(Roughly) Daily

“What do you do when your kid can only count to four? Buy him a drum kit and call him gifted!”*…

 

It may be that familiarity breeds contempt, and if that’s so, we should all be very glad of the wealth of excellent documentaries correcting the monolithic commercial story of punk, which goes something like this: The Sex Pistols and The Clash explode into the world in 1977 purveying anarchy and revolution and designer BDSM gear, and the status quo freaks out, then discovers many savvy marketing opportunities and here we are at our local punk boutique before the punk arena show at Corporation Stadium.

That’s a boring story, mostly because all the most interesting parts, and weirdest, most violent, gross-out, angry, experimental, queer, black, radical, feminist, etc. parts get left out, along with nearly all the best bands. Even if we date punk from the early seventies in New York with Patti Smith and the Ramones, we’re missing key progenitors from the 60s, from Detroit, Germany, Tacoma, Washington…
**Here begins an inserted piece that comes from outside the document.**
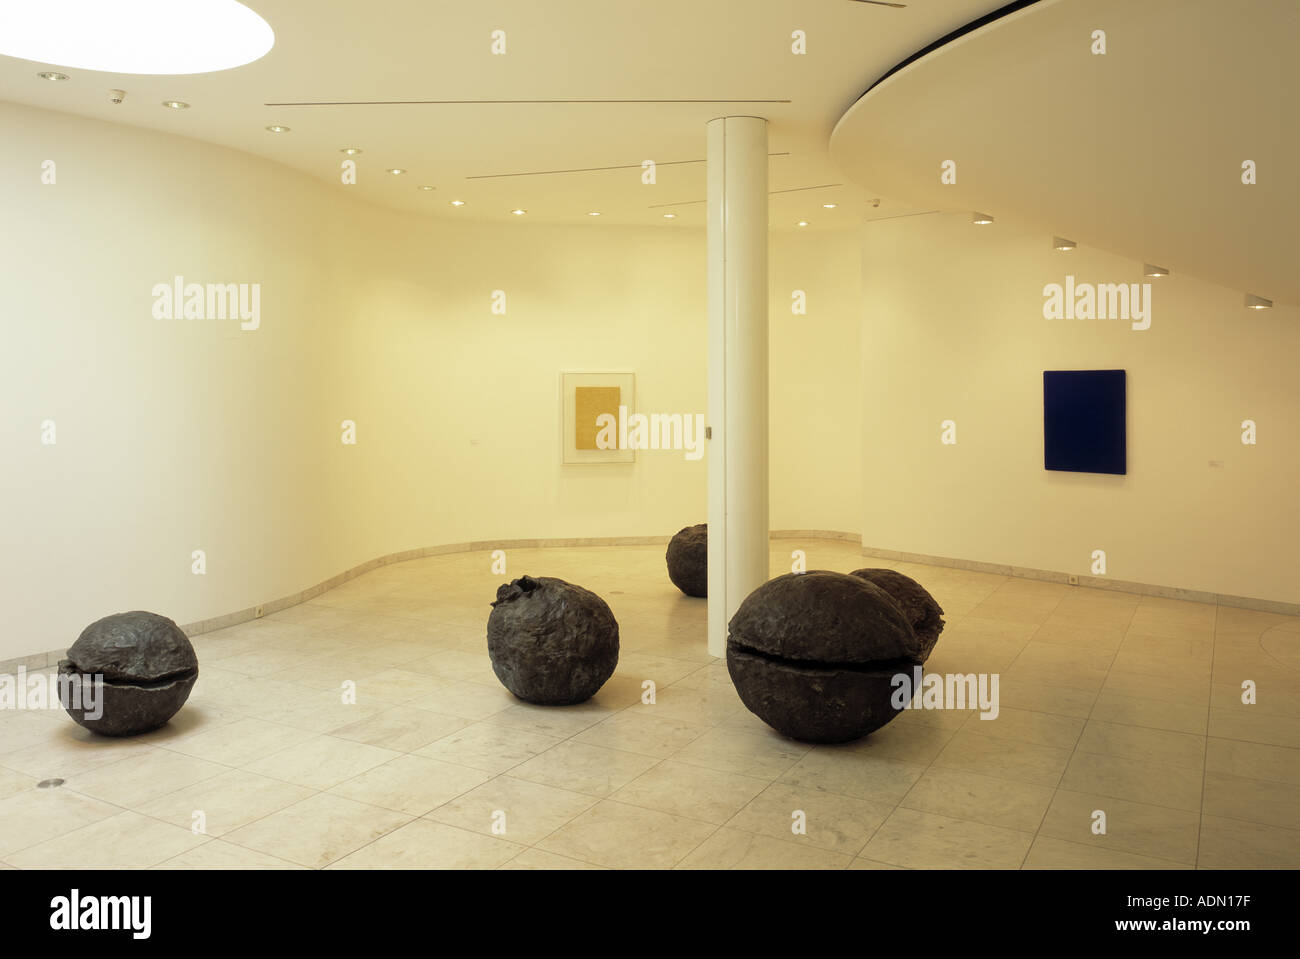 Mönchengladbach, Museo Abteiberg, Raum mit Werken von Fontana und Yves Klein Foto Stock

From the “liner notes” to a extraordinary Spotify playlist, “The Evolution of Punk in Chronological Order.” More background (on Open Culture), along with a link to download the Spotify app lest one need to, at: “The History of Punk Rock in 200 Tracks: An 11-Hour Playlist Takes You From 1965 to 2016.”

[TotH to Brad DeGraf]

* Frank Edwin Wright III (Tré Cool, Green Day)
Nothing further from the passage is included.